Abstract: Progress in theory of protein evolution has been held back by
gaps between model complexity and accuracy, and a lack of data. Models
are typically either: cheap – which facilitates the study of evolution
through predictions over many sequences – but inaccurate; or else they
are accurate but too expensive to run at scale. With the growth of curated
databases and high-throughput datasets, it is becoming easier to create
simple physical models and test them on experimental data.
Likewise, the deep learning revolution has produced algorithms that can
make fast, accurate predictions. I will first introduce AlphaFold (AF),
the new structure prediction algorithm from DeepMind, and show that it
is accurate enough to predict effects of single mutations.[1] We show this
directly by comparing with structures from the Protein Data Bank, and we
show this
indirectly by demonstrating that AF can be used to reliably predict changes
in fluorescence in GFP and BFP. As an example of AF’s utility, I will show
recent results where AF predictions correlate with changes in Guanylate
Kinase activity. To link AF with physical models, I will show that AF can
identify evolutionary allosteric coupling, which closely mirrors the propagation
of mechanical force through elastic networks. Next I will introduce our
new theory of molecular discrimination by proteins.[2] We construct a model
of protein-ligand binding that is complex, yet computationally efficient.

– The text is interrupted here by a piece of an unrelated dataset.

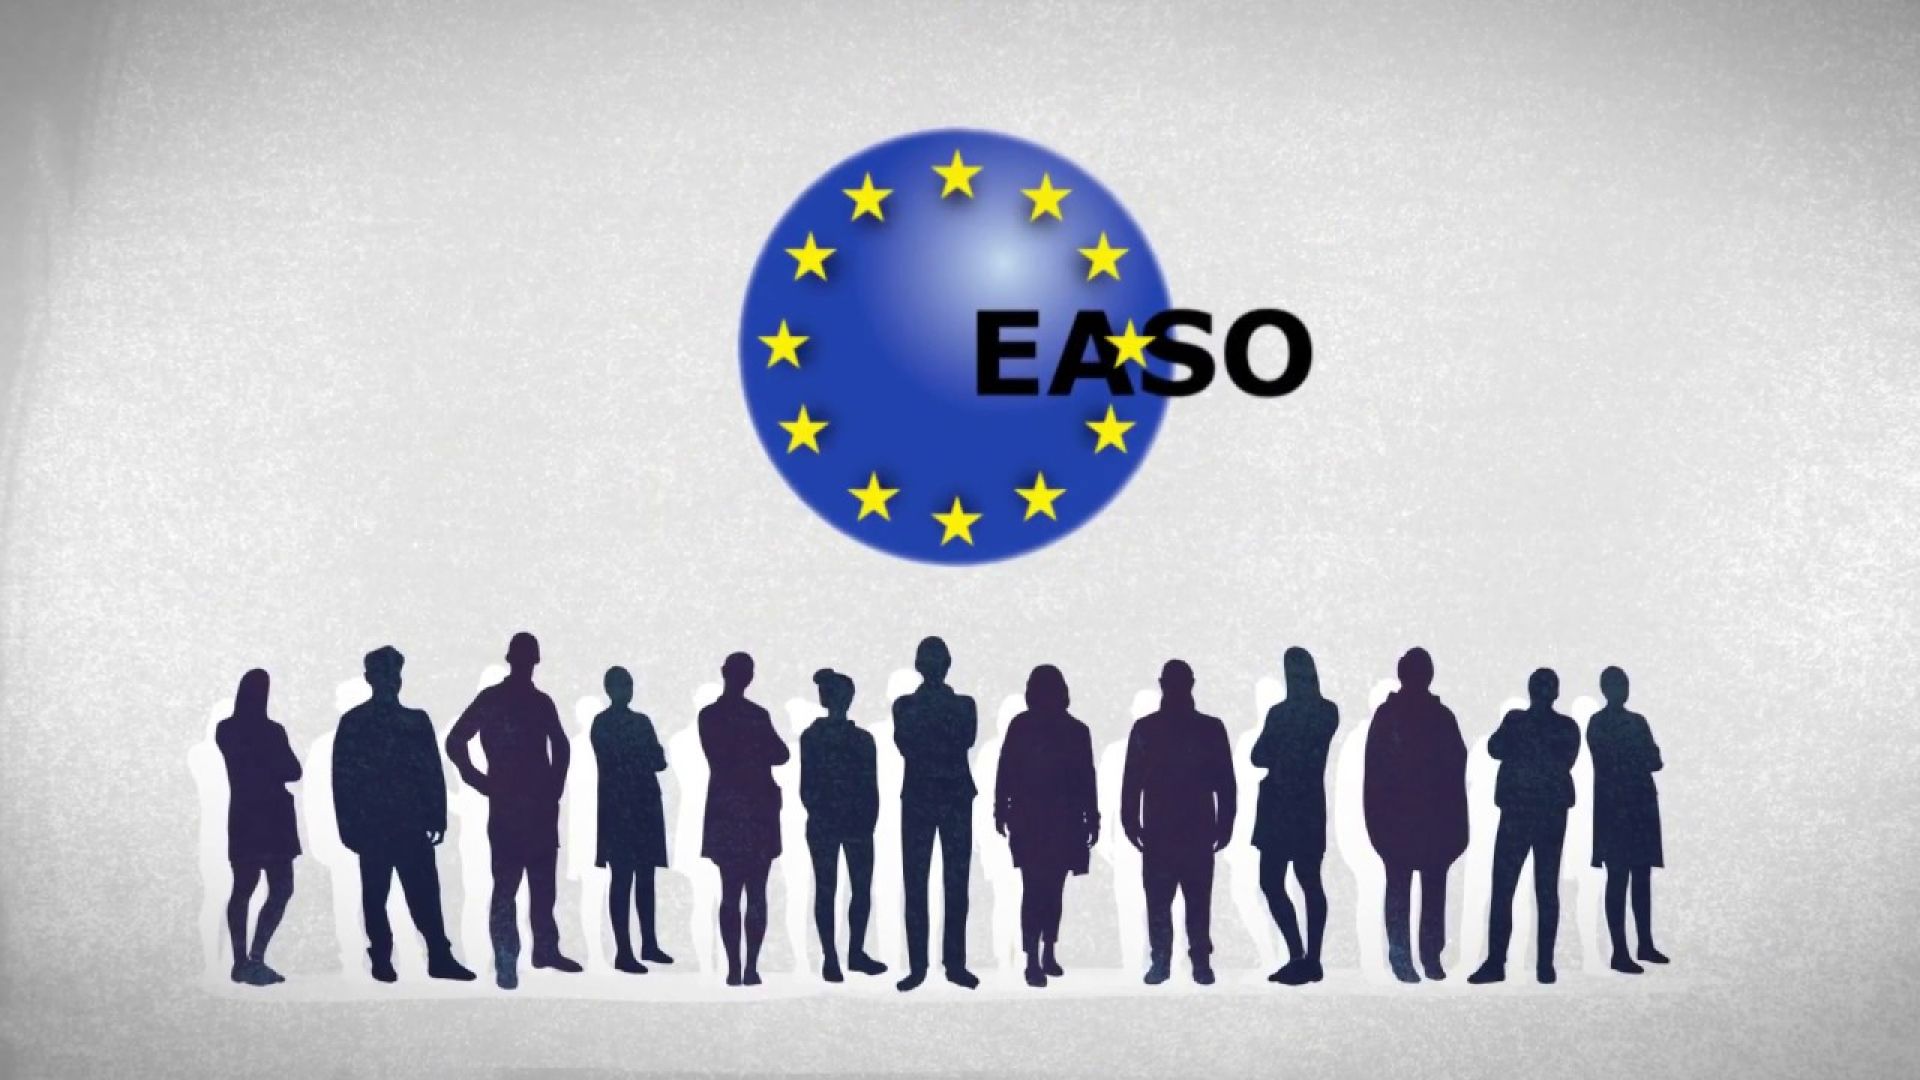 “European Asylum Support Office EASO

We show that the affinity and specificity of a protein (w.r.t. a set of
ligands) depend non-linearly on flexibility, ligand mismatch, and binding
energy, which we summarize in a phase diagram. The key to achieving high
specificity is precision – the right about of flexibility,coupled with
an appropriate degree of shape and chemical complementarity. We find that
mutations to residues far from the binding site lead to increasingly small
changes at the binding site,which enables fine-tuning of protein-ligand
interactions; this is more evident in larger proteins, and as such, they
are more evolvable and robust. These findings lead to the hypothesis that
the need for specificity results in a hard constraint on the minimum size
of proteins that can discriminate between certain ligands: proteins are
large because specificity requires it.
I will finish by discussing credible future directions for combining physical
models/theory, experimental data, and machine learning tools, and how they
will transform our understanding of protein evolution.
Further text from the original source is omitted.